Penn study identifies new target to fight prostate, lung cancer
PHILADELPHIA – A newly identified molecular chain of events in a mouse model of prostate cancer highlights novel targets to treat it and other cancers. A team led by Marcelo Kazanietz, PhD, a professor of Systems Pharmacology and Translational Therapeutics, published in Cell Reports that the overexpression of a protein called PKCε with the loss of the tumor suppressor Pten causes the progression of prostate cancer.
This deadly combination produces an uptick in the levels of the cancer-promoting molecule CXCL13. When the team purposely disrupted CXCL13, or CXCR5, the cell-surface receptor it attaches to, the metastatic and tumor-forming characteristics of the mouse prostate cancer cells were impaired.

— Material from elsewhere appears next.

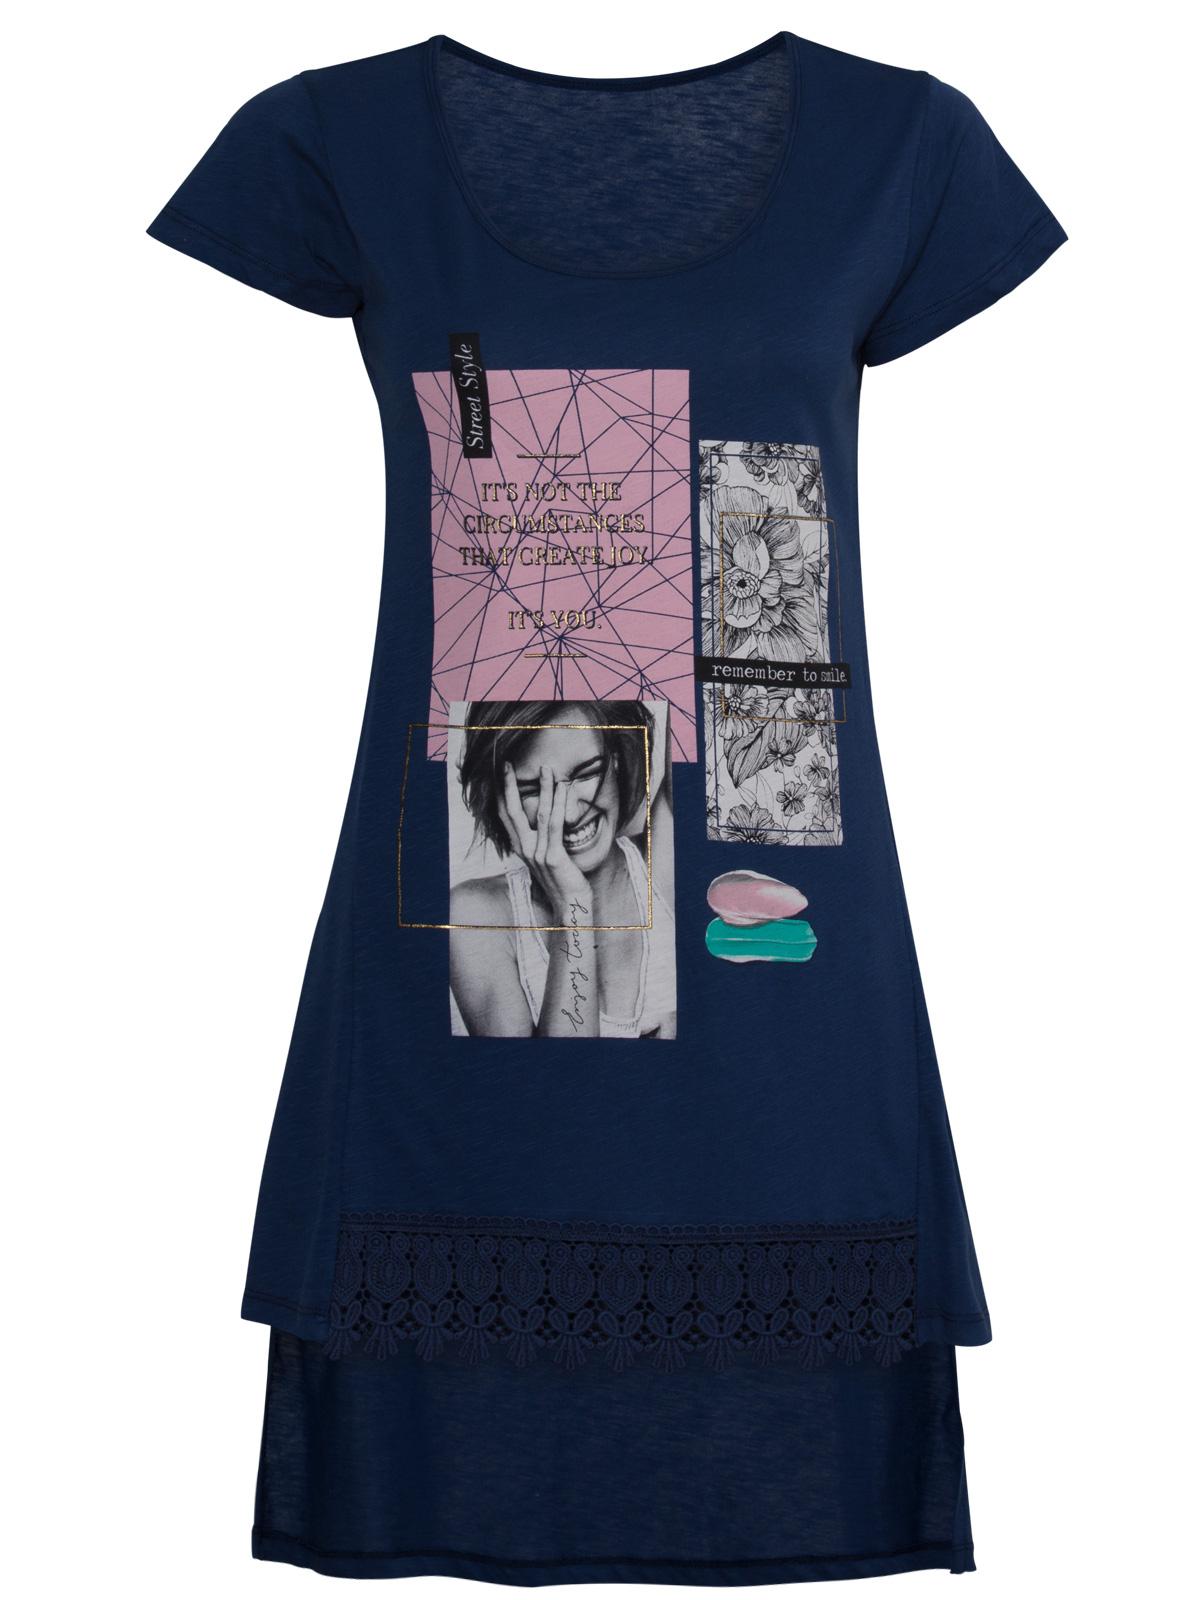 Γυναικείο Μακρύ T-Shirt με Δαντέλα και Τύπωμα γυναικεία   μπλούζες   κοντομάνικα   tops

"In addition to providing evidence for a vicious cancer cycle driven by PKCε, our studies identified a compelling rationale for blocking the CXCL13-CXCR5 molecules as a new cancer treatment," Kazanietz said. He and colleagues plan to identify compounds to block CXCR5 or CXCL13 with potential to be developed as anti-cancer agents. The researchers also suggested that CXCL13 levels in blood could be used as a biomarker to measure the precise state of prostate cancer progression in a patient.

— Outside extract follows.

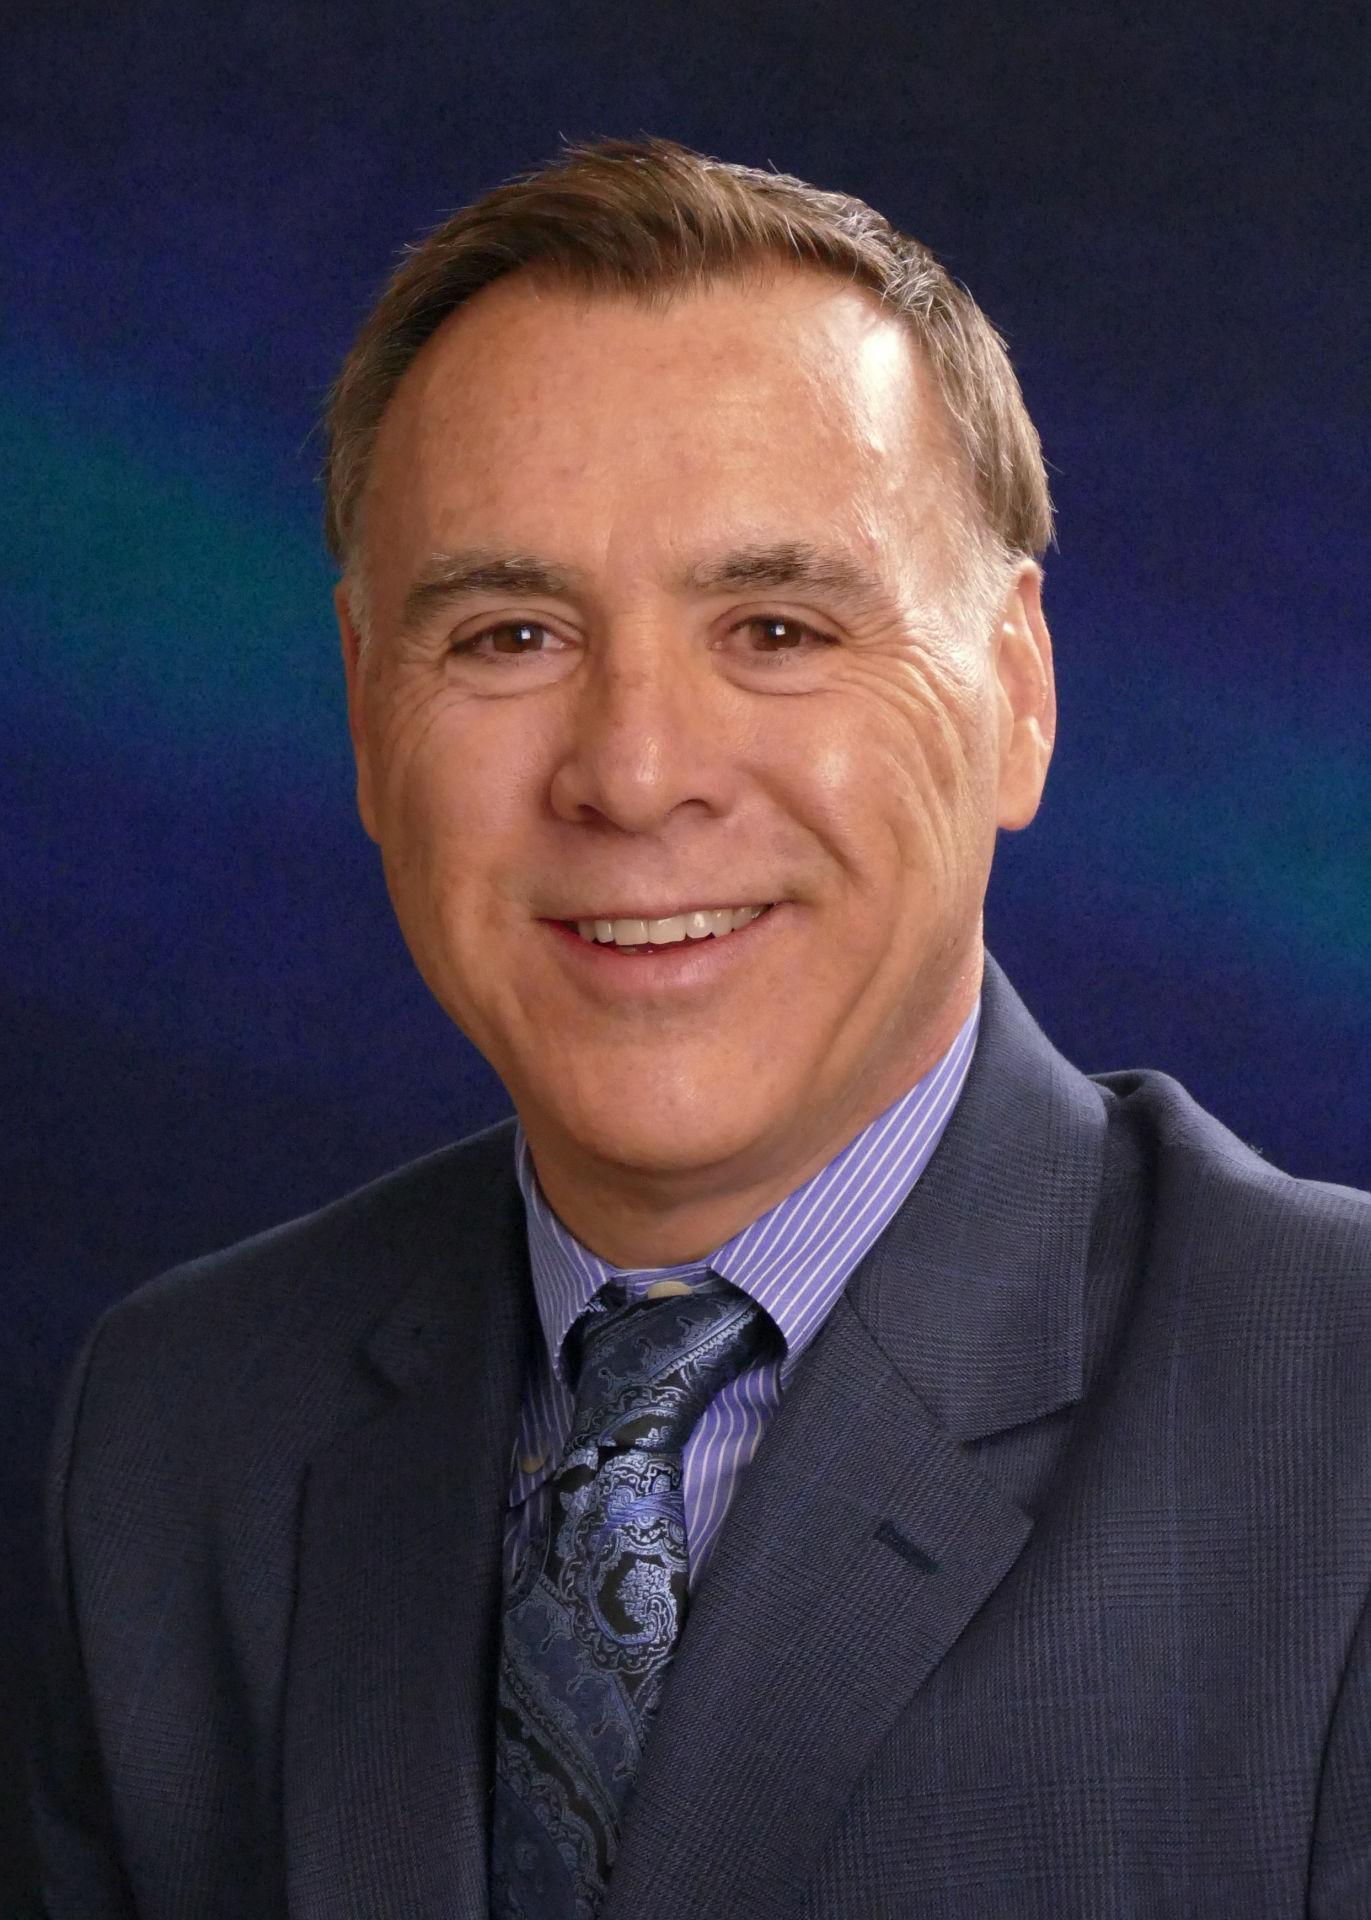 Steven Millette

The team's next step will be to interfere with CXCR5/CXCL13 signals not only from the cancer cells but also from other cells in the tumor microenvironment that contribute to cancer growth.

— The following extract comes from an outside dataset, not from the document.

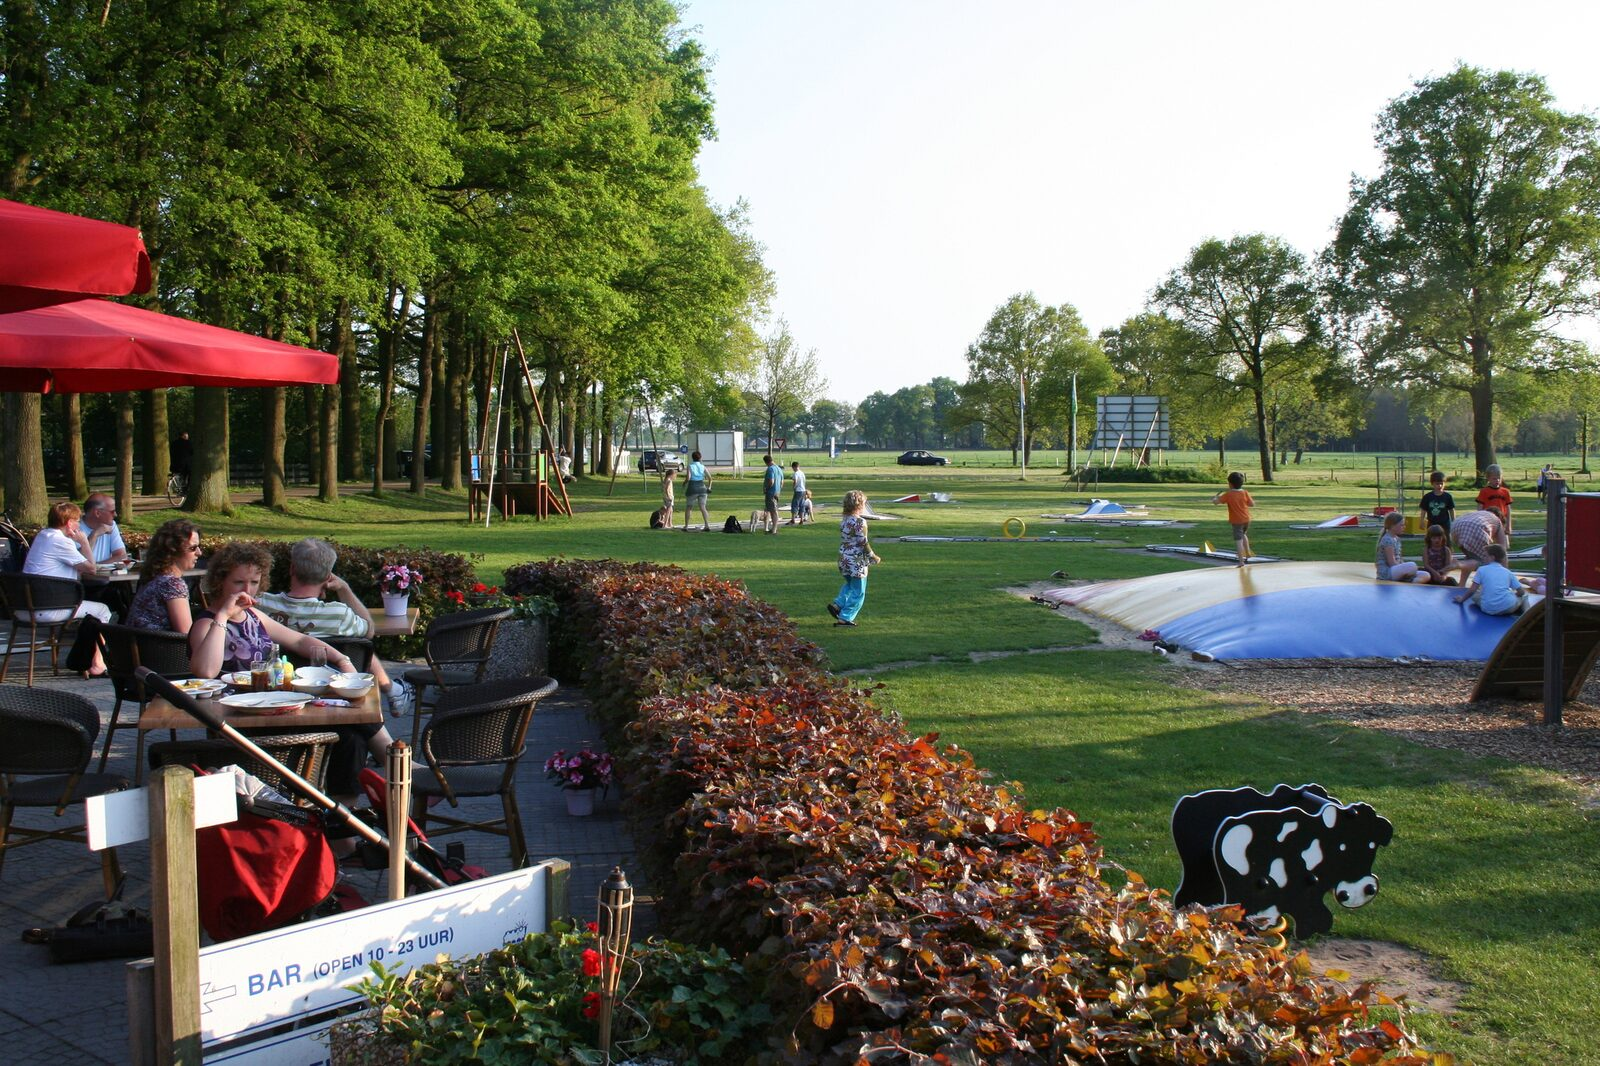 Vakantiepark Sallandshoeve | Villatent XL met sanitair | 4 tot 6 pers.

Pulmonologists and oncologists have also observed that PKCε is overexpressed in lung cancer patients, but they do not fully understand its exact molecular consequences. In general, a high level of PKCε is associated with a poor prognosis.
"We are in the midst of extending these findings to lung cancer," said Kazanietz, who is collaborating with Penn Medicine researchers David Feldser, PhD, an assistant professor of Cancer Biology, Steven M. Albelda, MD, a professor of Pulmonary, Allergy and Critical Care, and Evgeniy Eruslanov, PhD, a research assistant professor of Thoracic Surgery.
This research was funded in part by the National Institutes of Health (R01-CA089202, R01-CA189765, R01-CA196232), the Department of Defense (PC130641, W81XWH-12-1-0009).